Not being able to retain memories is by far one of the toughest aspects for me. During my time in rehab and outpatient speech therapy, improving my memory was one of the main goals we focused on. To put things into perspective, my memory was so impaired in the hospital that every time I woke up, I asked my mother, “Where am I?” (That was the amnesia.)

Over time, I’ve made significant progress. While I still have a long way to go, I’ve developed an “it is what it is” attitude about it. Interestingly, I can remember events from my childhood—particularly my pre-adolescent years—better than my teenage years or anything beyond. My long-term memory is relatively solid, but my short-term memory? That’s where I struggle. It’s not completely terrible, but if I don’t use one of my memory techniques, I’m almost guaranteed to forget something shortly after it’s told to me.

Coping with Memory Loss: Techniques That Help

One technique I rely on to this day is repetition. Anytime someone tells me something I know is important, I repeat it continually in my head until it sticks. It’s not foolproof, but it helps tremendously.

I also make a habit of writing things down. Sticky notes are my go-to—placing them on my mirror is particularly effective because I can’t miss them when I’m getting ready for the day. I also keep a dry-erase calendar to track important dates, which has been incredibly helpful as a parent for managing school events and appointments. It gives me peace of mind and makes life feel a little more manageable.

The Pros and Cons of Forgetting

Experiencing memory loss obviously has its cons, but believe it or not, there are some pros as well. For one, I have no recollection of my accident at all. On the downside, loud noises make my heart race, and I experience blank flashbacks. I can’t be around loud noises too much because they make it difficult for me to focus, and I start feeling anxious.

As for the pros, the fact that I don’t have to relive my accident is a blessing. I don’t have to think about the panic that may have set in once I got hit, or feel the roof of my car slice my scalp, or my head banging on the steering wheel. Those aren’t memories I would want to keep. On a lighter note, I can’t remember what I forgot—so it doesn’t weigh on me as much.
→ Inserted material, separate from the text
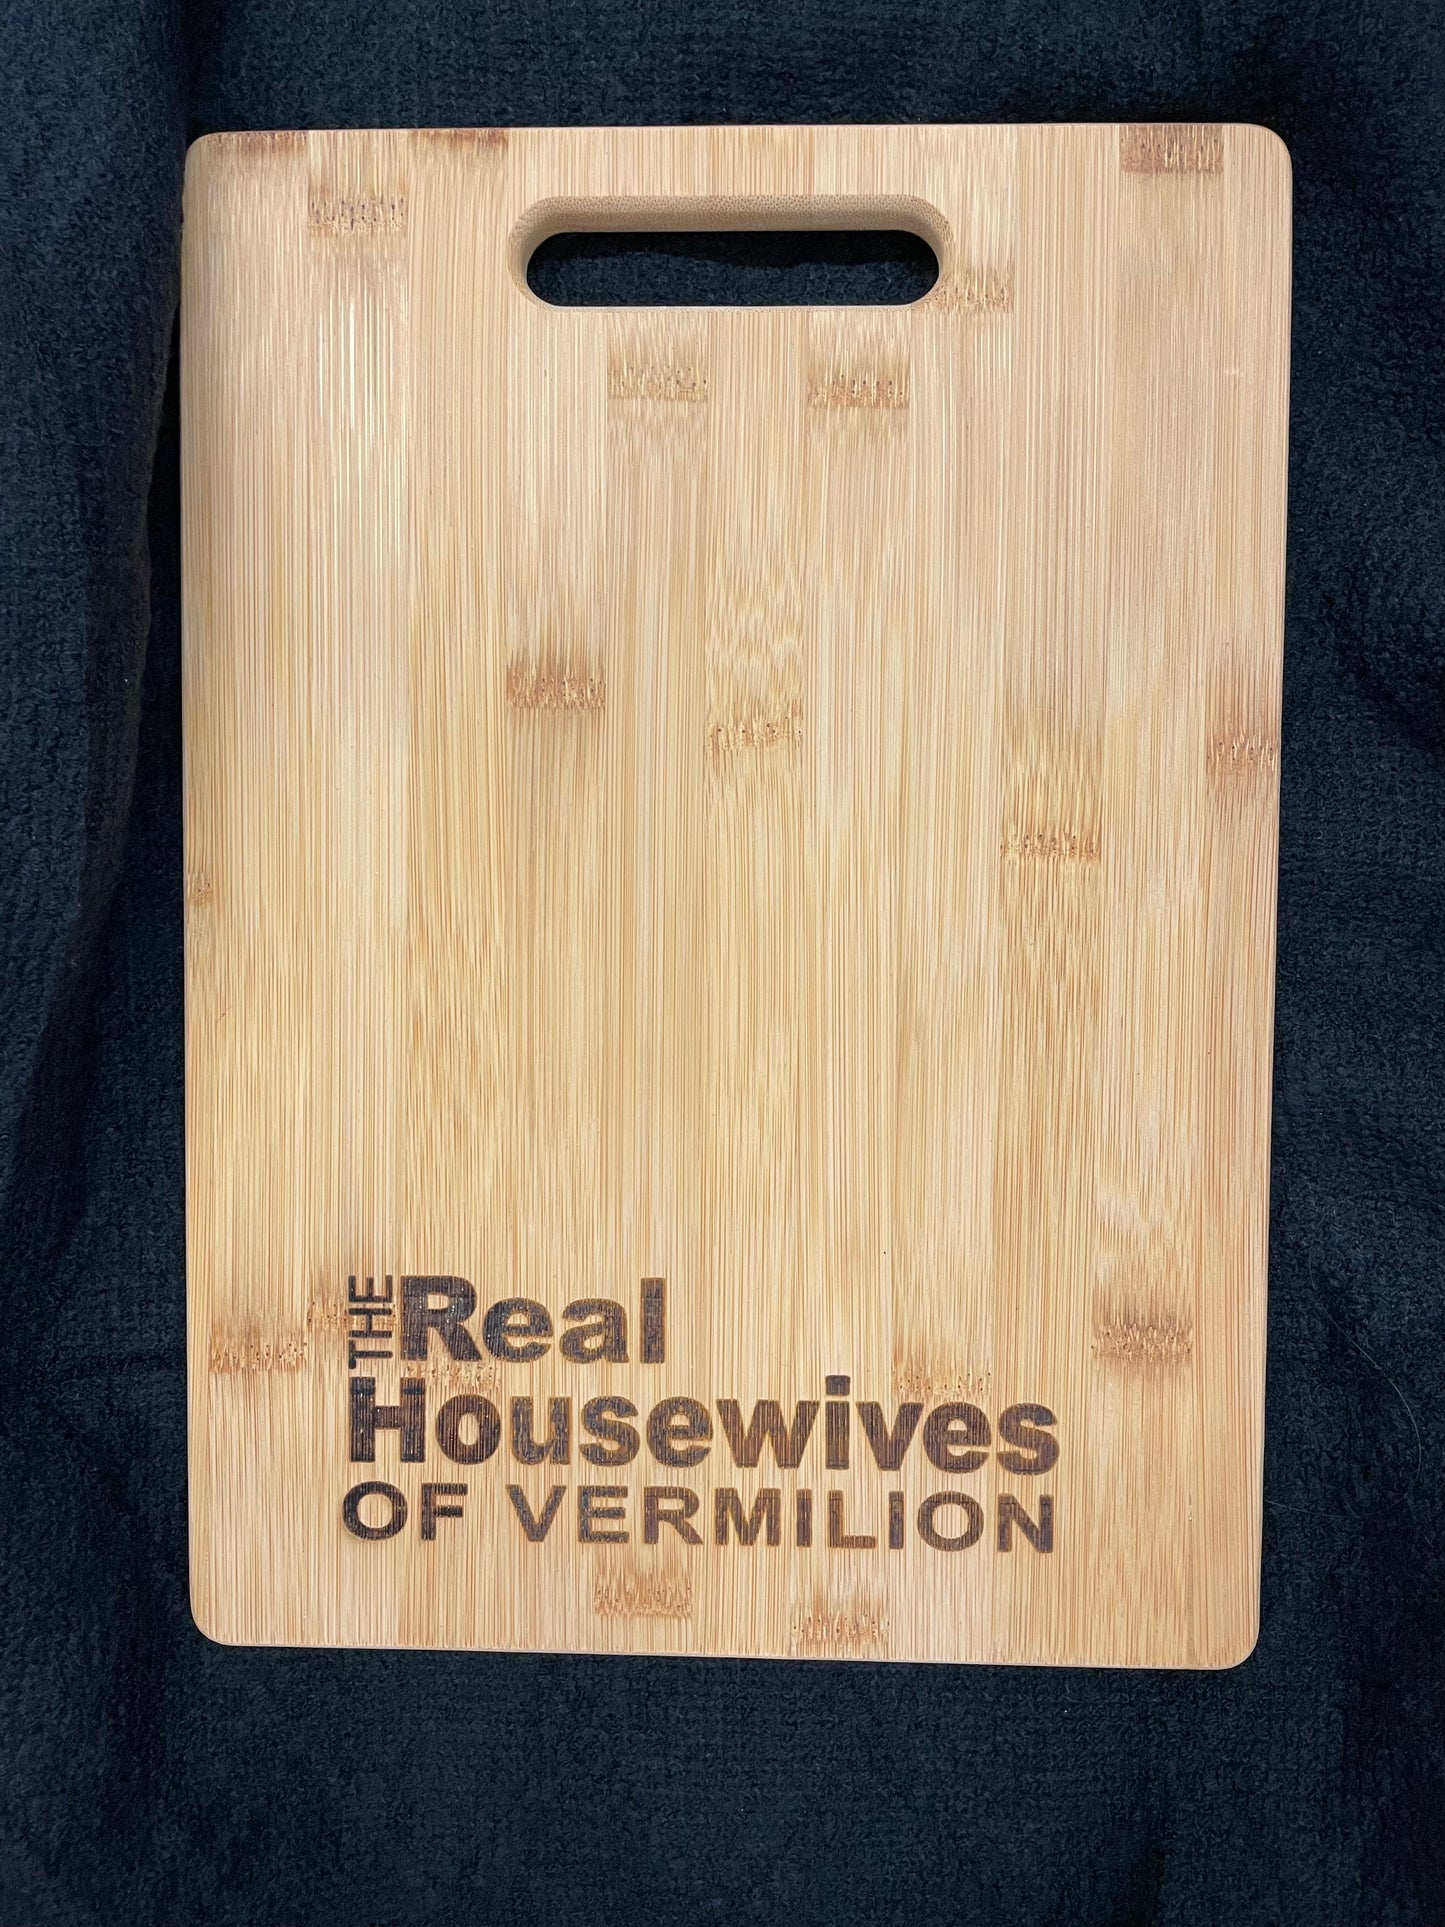 The Real Housewives Cutting Board

Still, memory loss can be frustrating when friends and family try to jog my memory. They’ll tell the whole story, list names, and share details, but it still takes time for me to recall things. Sometimes, weeks later, I’ll have an epiphany, remember the story they told me, and finally recall it from my point of view.
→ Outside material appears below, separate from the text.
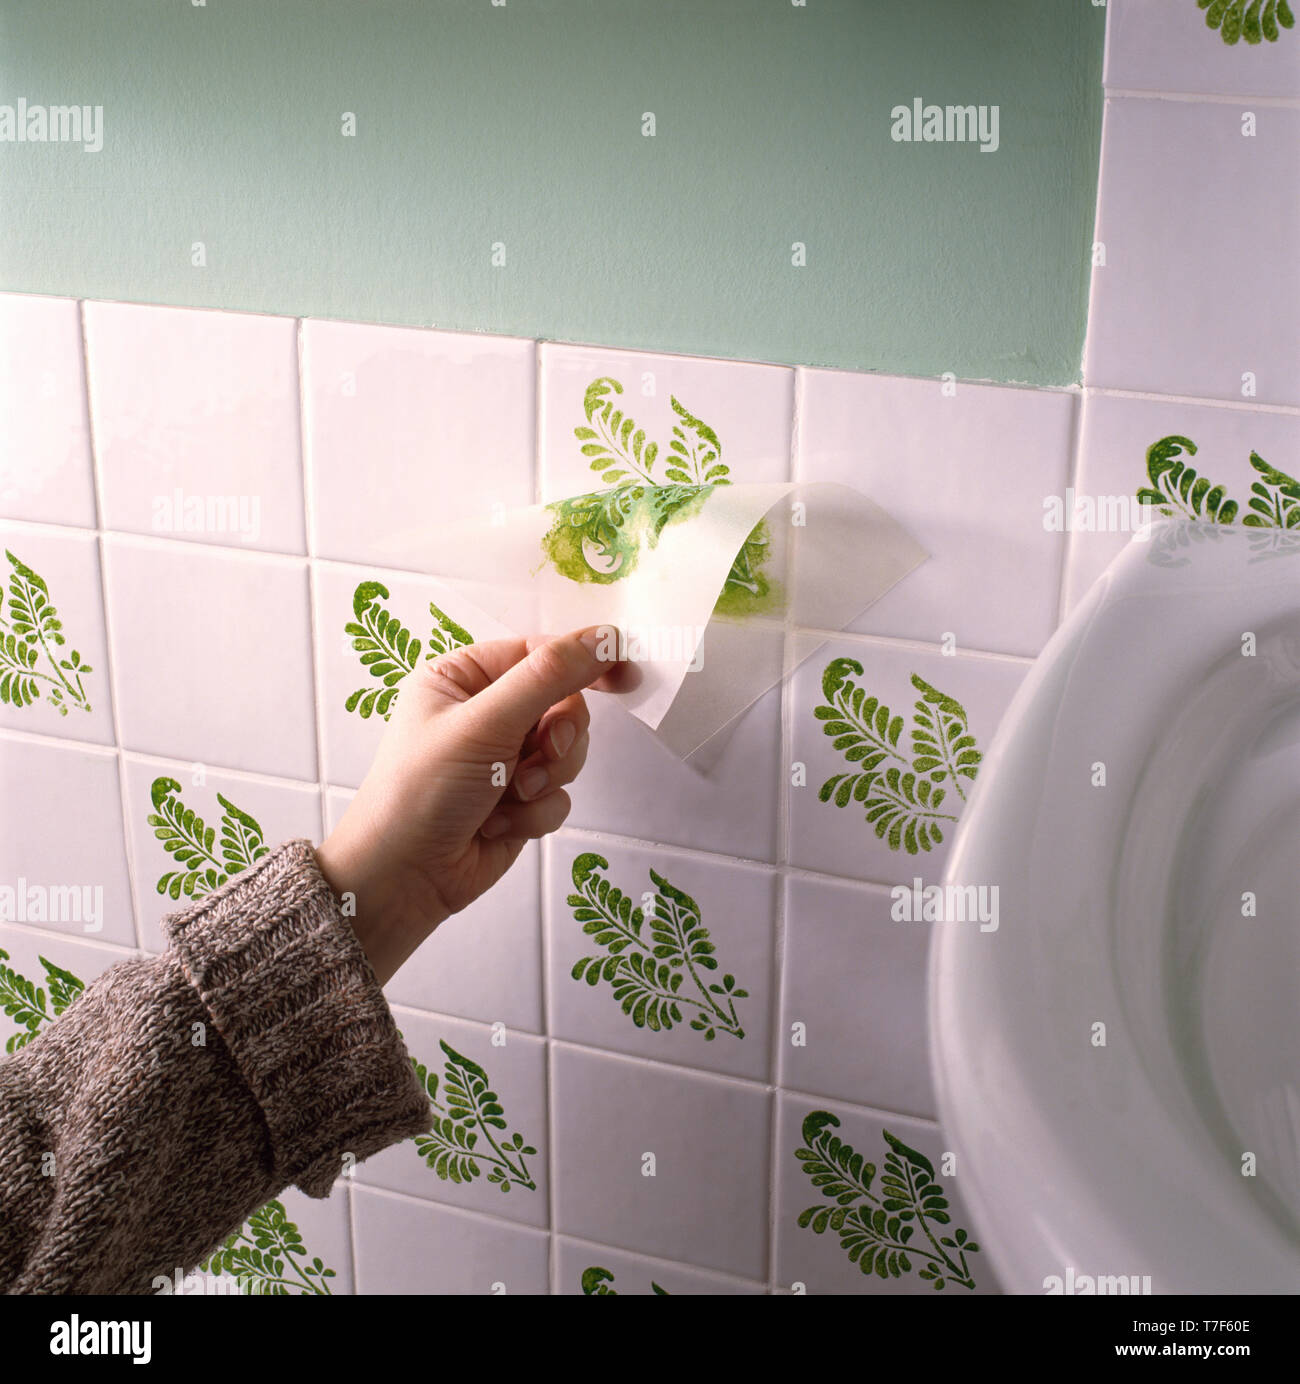 Hand removing backing from stencil on white tiling Stock Photo

Parenthood and the Motivation to Remember

Now that I have a child, I’ve made it my mission to remember everything I can, especially when it comes to her school events and milestones. I continually replay moments in my head—like the time I was in labor, her first day home, the time she spent with my grandmother, and everything from her newborn days.

Becoming a parent has motivated me in ways I never imagined when it comes to living with a TBI. When my daughter gets older, I plan to share my story with her. I want her to feel proud and think, “My mom survived a life-threatening accident, and now look at her—an inspiration to others. If she can accomplish so much with a TBI, then I can do anything too.”

Having a disability doesn’t mean you can’t accomplish your goals. It may take longer than I’d like, but every day I show up for myself, I get one step closer. My daughter doesn’t see or even understand my TBI. I try not to let it affect our day-to-day life. Some days, because of work, I get so mentally exhausted that I don’t have the energy to do activities with her like I’d want. But even then, on my good days, I make sure to make them count.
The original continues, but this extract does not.